Curiosamente, na vida real, Dean Martin é quem era admirador de Hqs que consumia quando criança em Stubenville, Ohio, sua cidade natal que no filme é chamada de Steubendale. Diferente do filme também, foi Dean Martin quem teve um Love affair com Shirley, par romântico de Jerry no filme. Segundo a revista “Screen Stage Magazine”, que adaptava os roteiros de diversos filmes da época, o orçamento de “Artistas & Modelos” ($1.701.083) foi acima do inicialmente planejado e uma sequência inteira nem chegou a ser filmada perto do final que iria explicar como Eugene descobriria que seu parceiro estava ganhando dinheiro escrevendo as histórias de seus pesadelos que falava em voz alta durante o sono. Outra sequência imaginada, mas nunca filmada traria um número musical para a Mulher – Morcego. O filme, o 14º da dupla Martin & Lewis, foi um sucesso lançado originalmente nos Estados Unidos em 7 de Novembro de 1955. O timing cômico da dupla estava no ápice, bem como os fortes rumores de que a dupla se desentendia constantemente e que viriam em breve a se separar. A dupla faria ainda mais dois filmes antes de definitivamente tomarem caminhos independentes. Shirley MacLaine estava em seu segundo papel, aos 21 anos, e esbanjou talento para o musical e a comédia, o que iria superar em papeis dramáticos ao longo de uma carreira prolífica. Uma presença constante nos filmes de Jerry Lewis é a atriz Kathleen Freeman, sempre roubando a cena em alguma sequência, como aqui em “Artistas & Modelos” em que interpreta a senhoria de Lewis, a Sra Muldoon, sempre de cara amarrada. Completando o elenco duas beldades: Anita Ekberg em uma ponta como uma das ex modelos de Rick Todd. A bela atriz sueca viria a protagonizar o último filme da dupla Martin & Lewis “Ou Vai Ou Racha” como par romântico de Jerry.

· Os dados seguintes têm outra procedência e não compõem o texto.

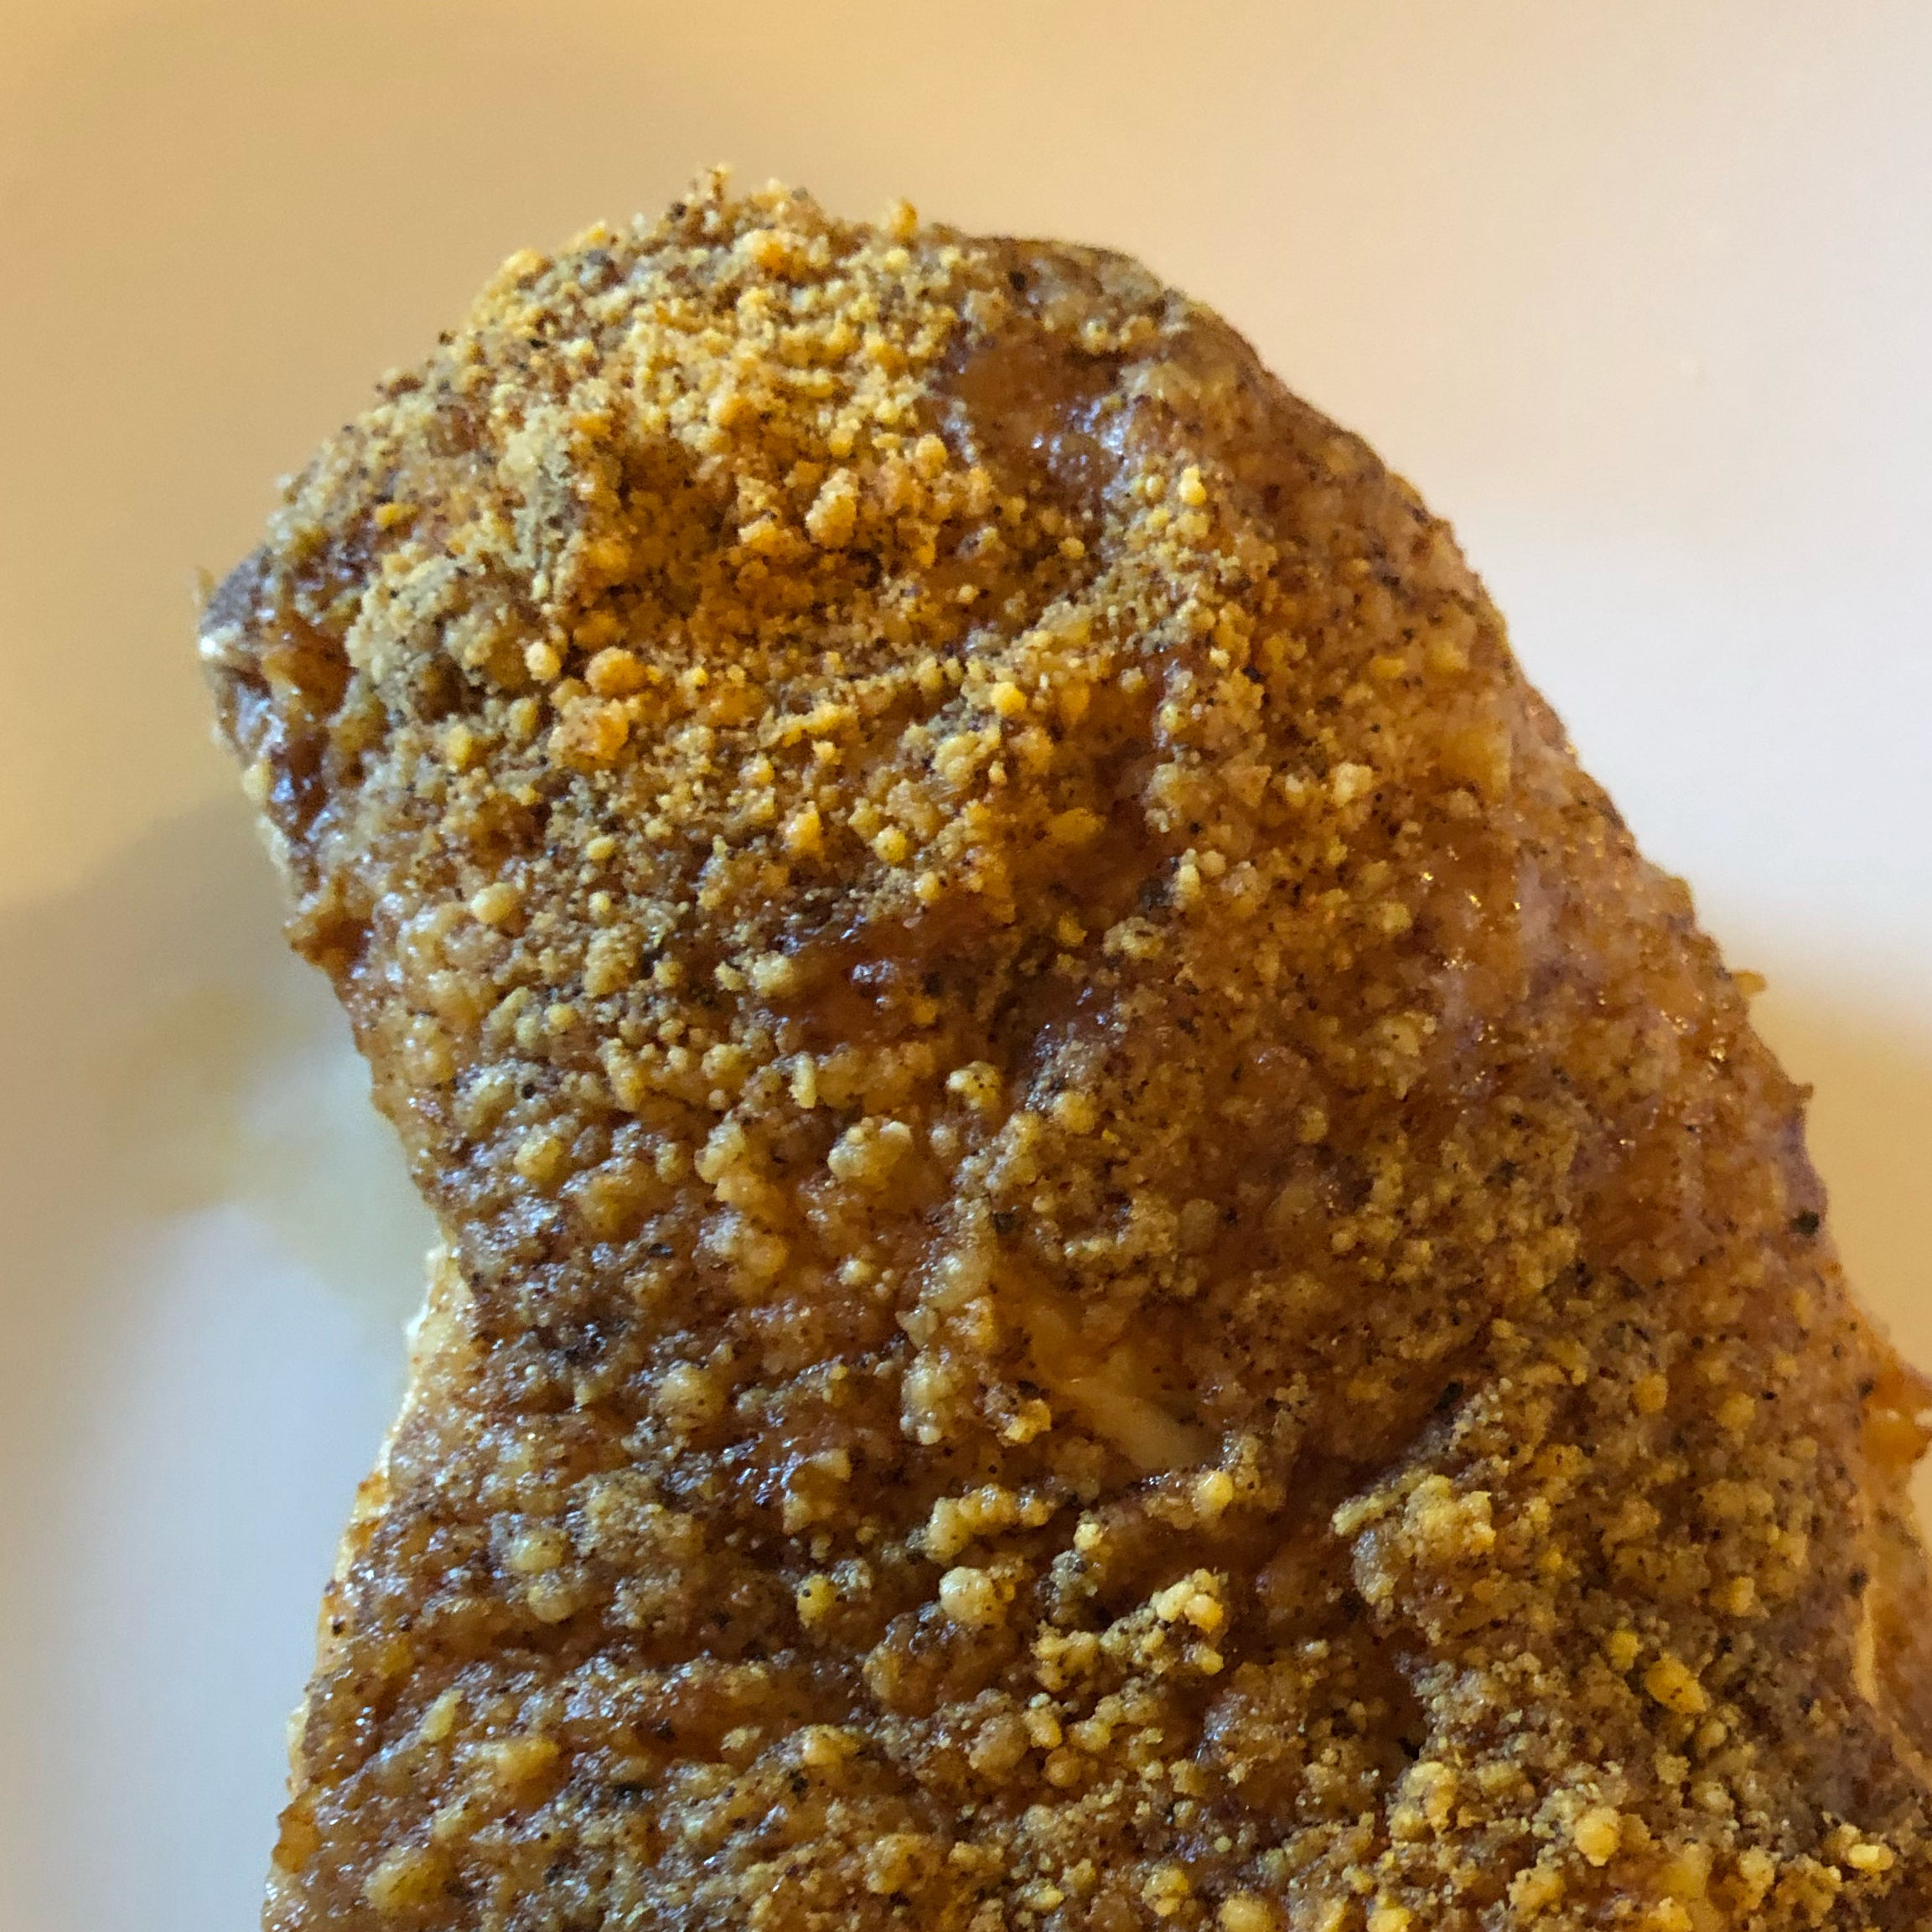 Baked Paprika-Parmesan Chicken PreciousVeal

Já o papel de vilã ficou com Eva Gabor no papel da espiã Sonia que quer seduzir Eugene para roubar o segredo da formula do combustível experimental do governo.

14 O Teatro Da Vida Filme Movie Film Artistas E Modelos Artists And Models 1955 Frank Tashlin Dean Martin Jerry Lewis Dorothy Malone

Lamentável que um filme tão inventivo, capaz de agradar tantos adultos quanto crianças raramente seja reprisado na TV. Digno de nota é a excelente dublagem brasileira: Nelson Batista é perfeito para dar o tom de “criança grande” na persona de Jerry Lewis assim como Marcos Miranda casa sua voz como uma luva na figura sedutora de Dean Martin. Cada um com um talento para extrair humor e romance na medida certa, perfeita e que justifica que a soma das partes é maior que seus componentes, ainda que cada um seja uma estrela do porte de Jerry Lewis e Dean Martin.

2. Artistas y modelos

Innamorata

EM BREVE RELEMBRAREI AQUI NO BLOG “O MENINÃO”, OUTRO CLÁSSICO DA DUPLA QUE COMPLETA 60 ANOS.